God tells me, as an older woman, to teach the young women with children to be keepers at home so that is what I do. She asked what I thought, so I told her. Whether she decides to be a keeper at home is completely between her and her husband.

Melanie Scarbrough · 39 minutes ago

It's also between her and God. God speaks to younger women as well as older ones, Lori. I really hope this young woman doesn't put your opinion ahead of God's. If she's really seeking His will, HE is who she should be listening to, not you or anyone else.

:roll: at Lori.

Link to comment
Share on other sites

  • Replies 53
  • Created
  • Last Reply

Lori is wrong. I preferred to be cared for by my dad as a child. My mom wasn't un-nurturing, my dad was just more nurturing than she was. In my opinion, if you think kids care about the genitals of the person raising them, you have a pretty fucked up imagination.
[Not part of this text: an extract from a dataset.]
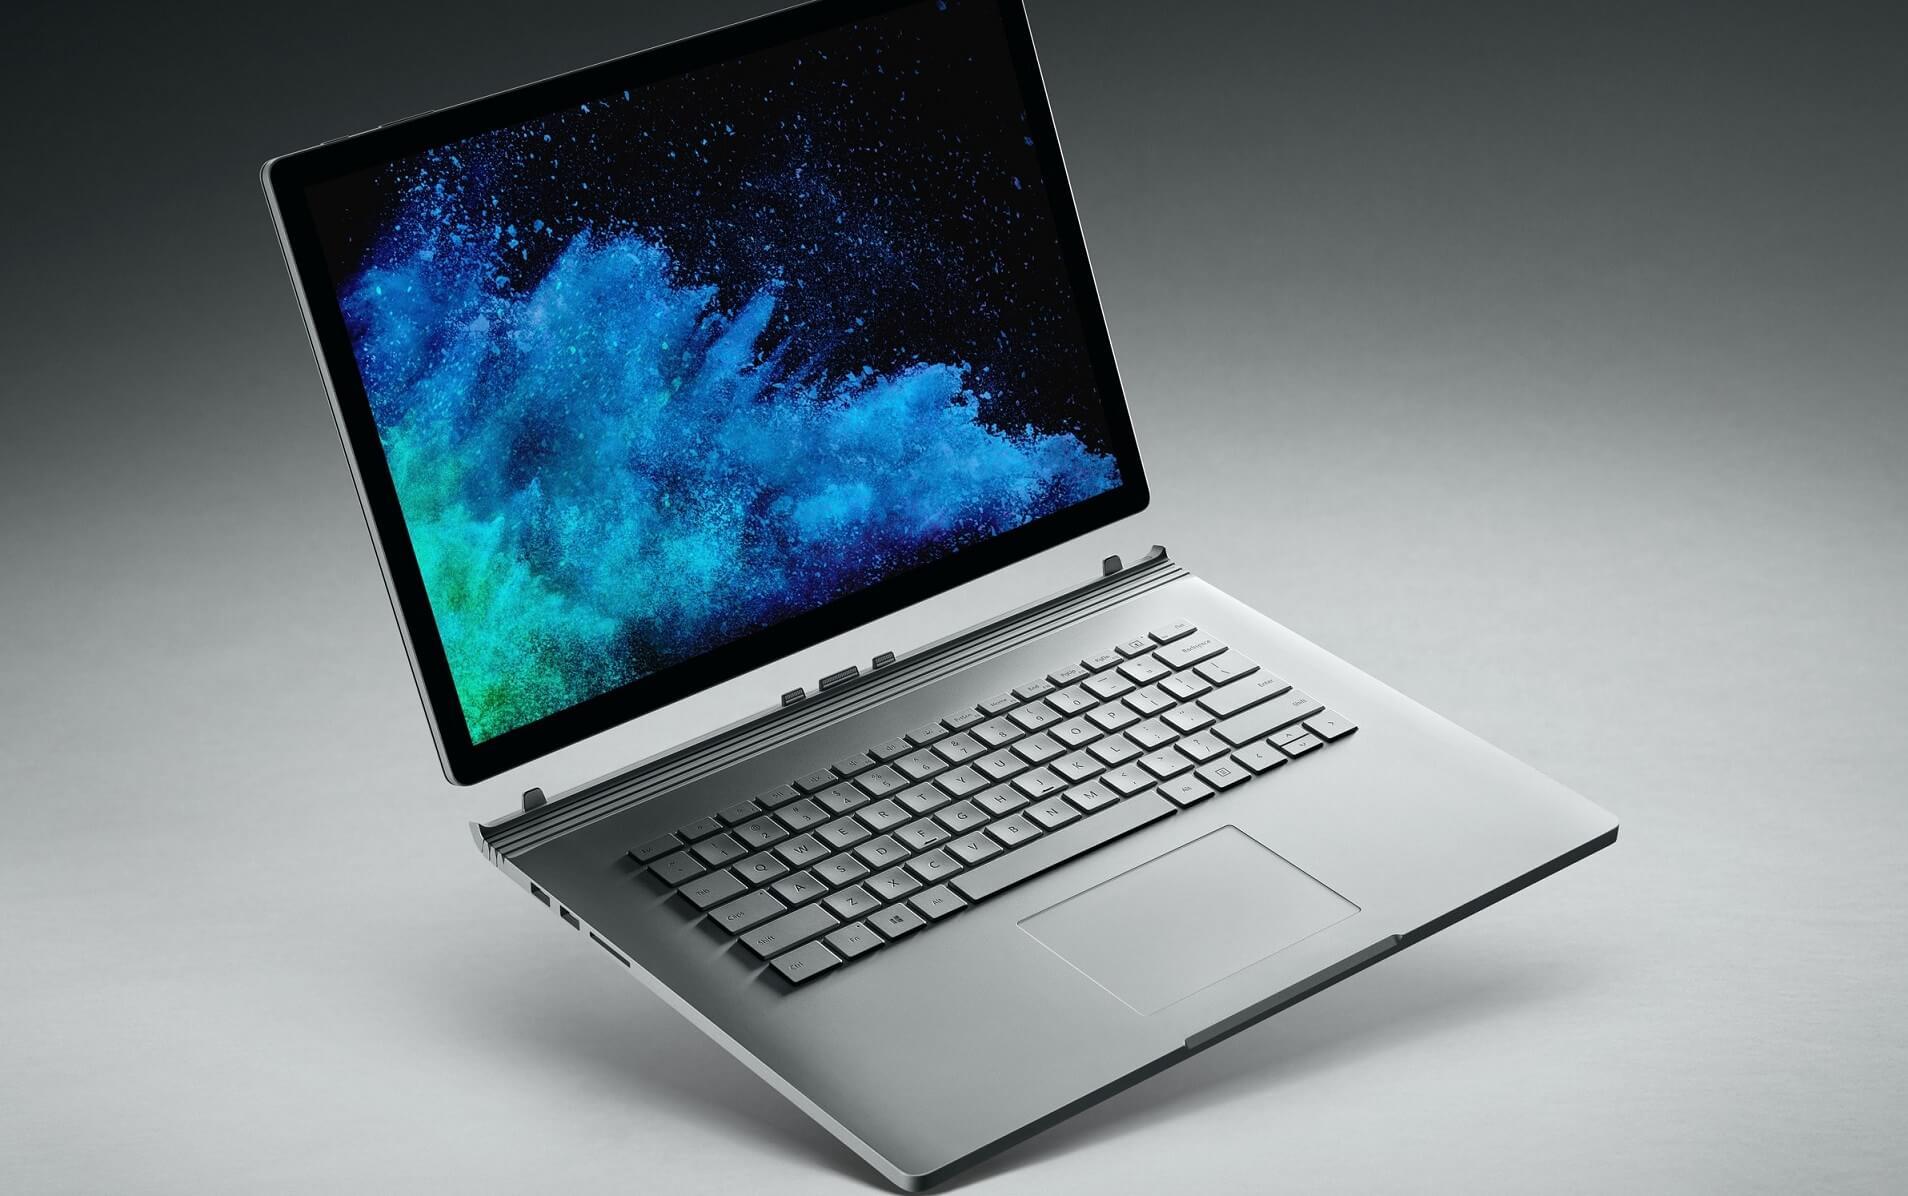 Surface Book 2 render
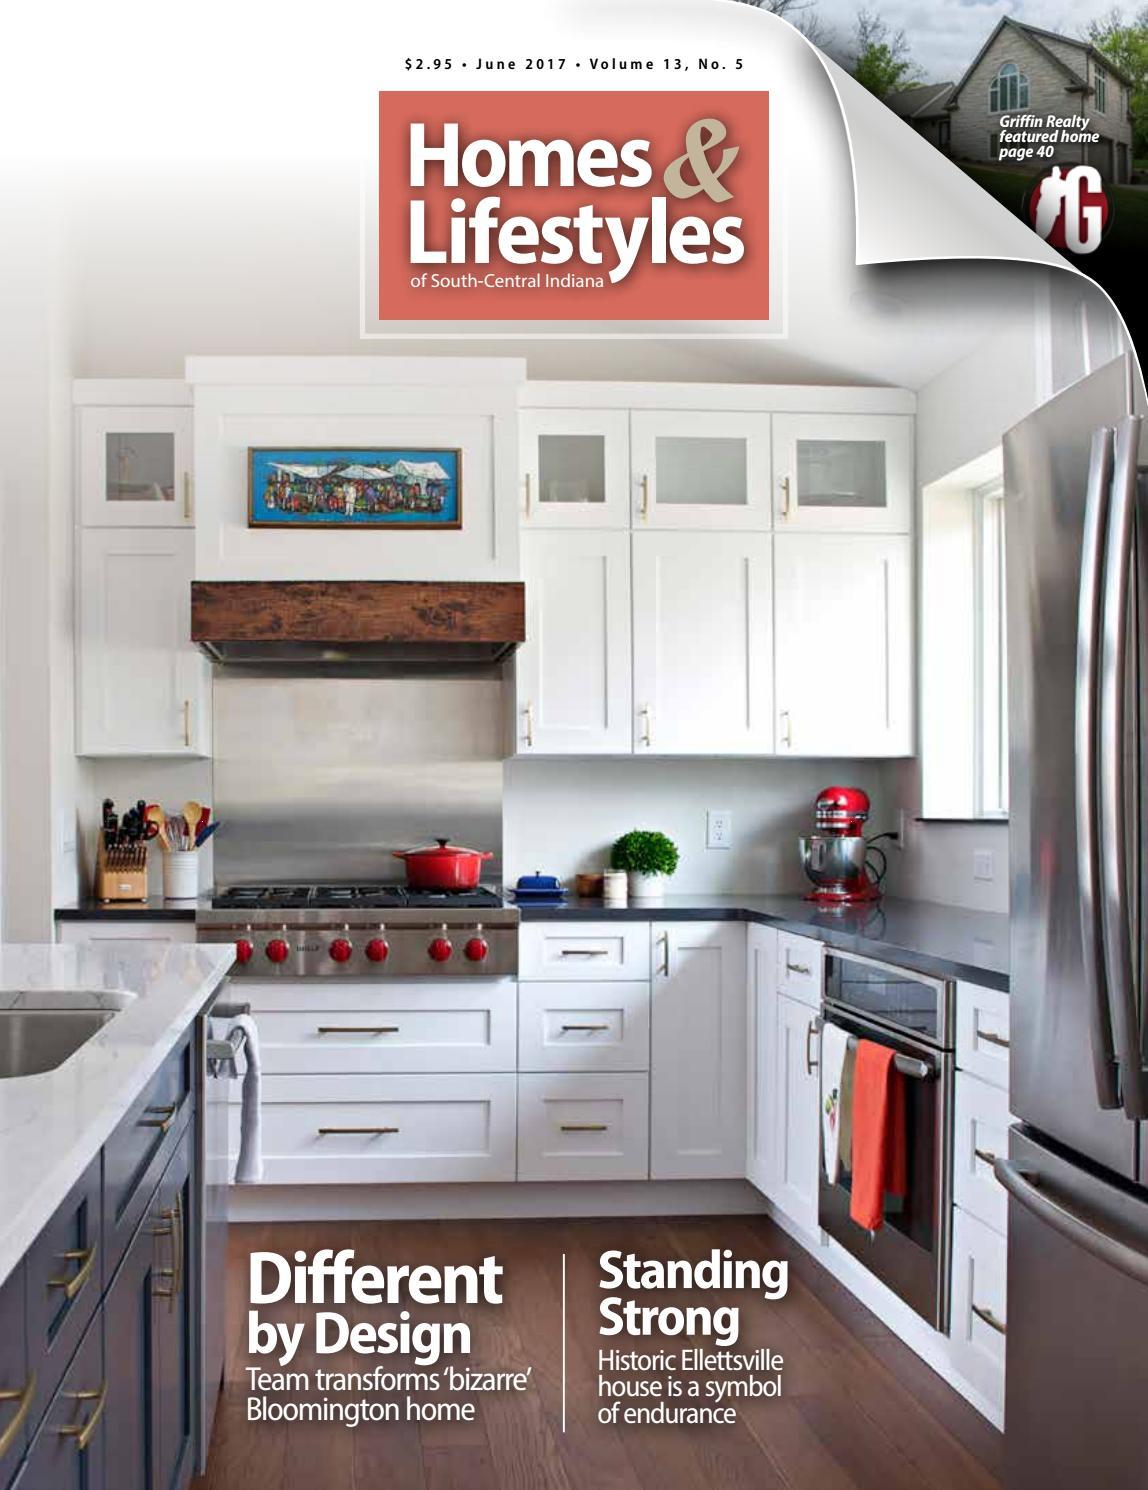 Homes & Lifestyles June 2017 by Hoosier Times Inc. - issuu

I know a handful of women who were nurses AND had kids. They brought up smart, polite, successful people. No, their kids aren't True Christians[tm][/tm], but each of them is a far more intelligent and productive citizen than Lori. They're a hell of a lot less gullible, too.

Link to comment
Share on other sites

Oh good grief.... nursing is so much more than cleaning up poop and being gentle and nurturing. I obtained my Masters Degree in Nursing and nearly all nurses I know are highly skilled, well-educated professionals who have many lives dependent upon them and their knowledge base.

To belittle their role in the care and administration of medical needs is truly abominable. I sure hope that one day Lori doesn't need a nurse to initiate a code blue on her or a loved one and the nurse says "Gee, I'm sorry.... I can't do that, but I will be happy to clean up any poopy mess you care to make!"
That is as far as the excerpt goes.